Client case study: Mr Meekin, Derbyshire
Mark Meekin (54), is a married father-of-two from Derby. A few years ago he set up pensions for his sons Daniel (15) and Matthew (17).
I believe it will get harder to save for a pension in the future. Everything is getting more expensive – for instance property prices – so as adults they’ll have less disposable cash to put away. I believe it’s more important than ever to start early where pensions are concerned. It also means I can continue to contribute over the long-term. That’s important to me as a parent – it’s about trying to look after my sons.

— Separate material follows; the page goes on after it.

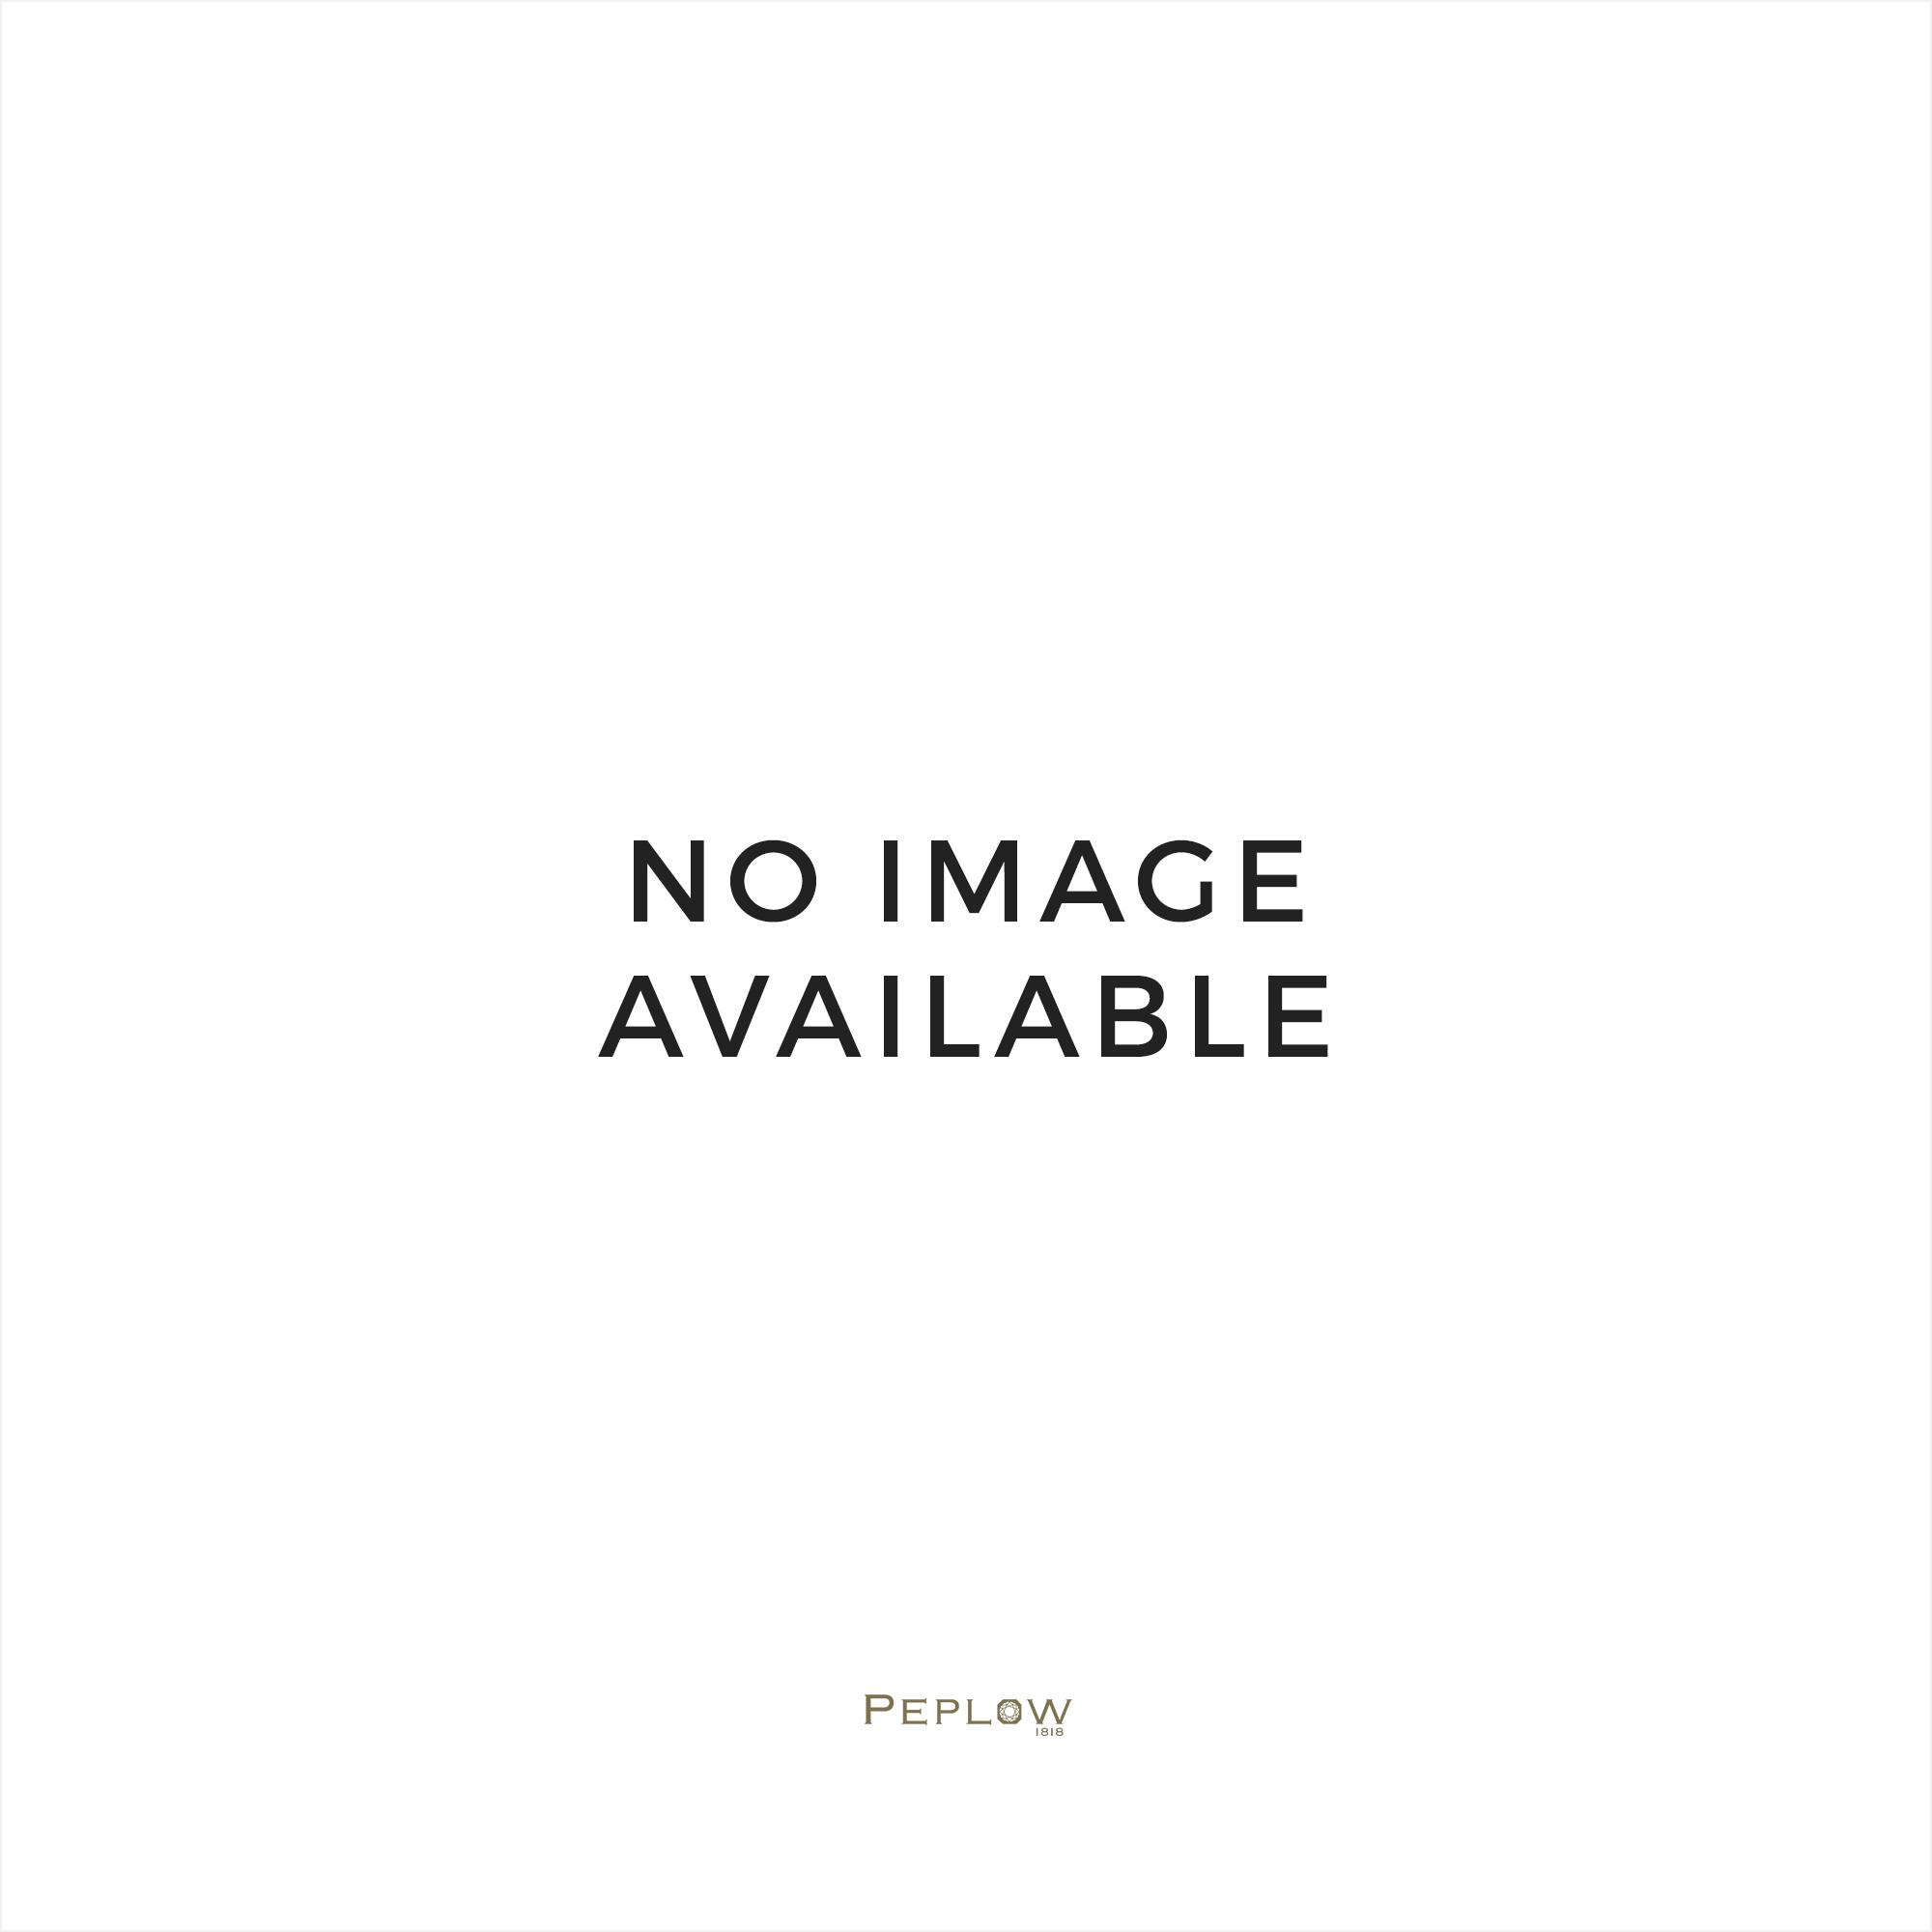 Citizen Watches Citizen Ladies Eco-Drive Gold Plated Silhouette Diamond Watch EW1922-58D

We chose a Junior SIPP for a couple of reasons. The first is simple maths. The earlier you start, the more impact it has on the pension pot – it has longer to grow, especially when you take into account the impact of compound interest. As you can’t access the interest or income in a pension, it simply adds to the value of the fund, so for my sons that’s currently over 40 years of growth on top of growth. There’s also the tax relief.
I also want to demonstrate to them the importance of having a pension. As teenagers, it’s probably not at the forefront of their minds. For me as a parent it’s a good thing to be able to teach them about it. And as they can’t get at the funds, it avoids temptation.
The material on the HL website is really useful for helping me decide where to invest. I’m taking a long-term view – after all, their pensions have 40 years to grow.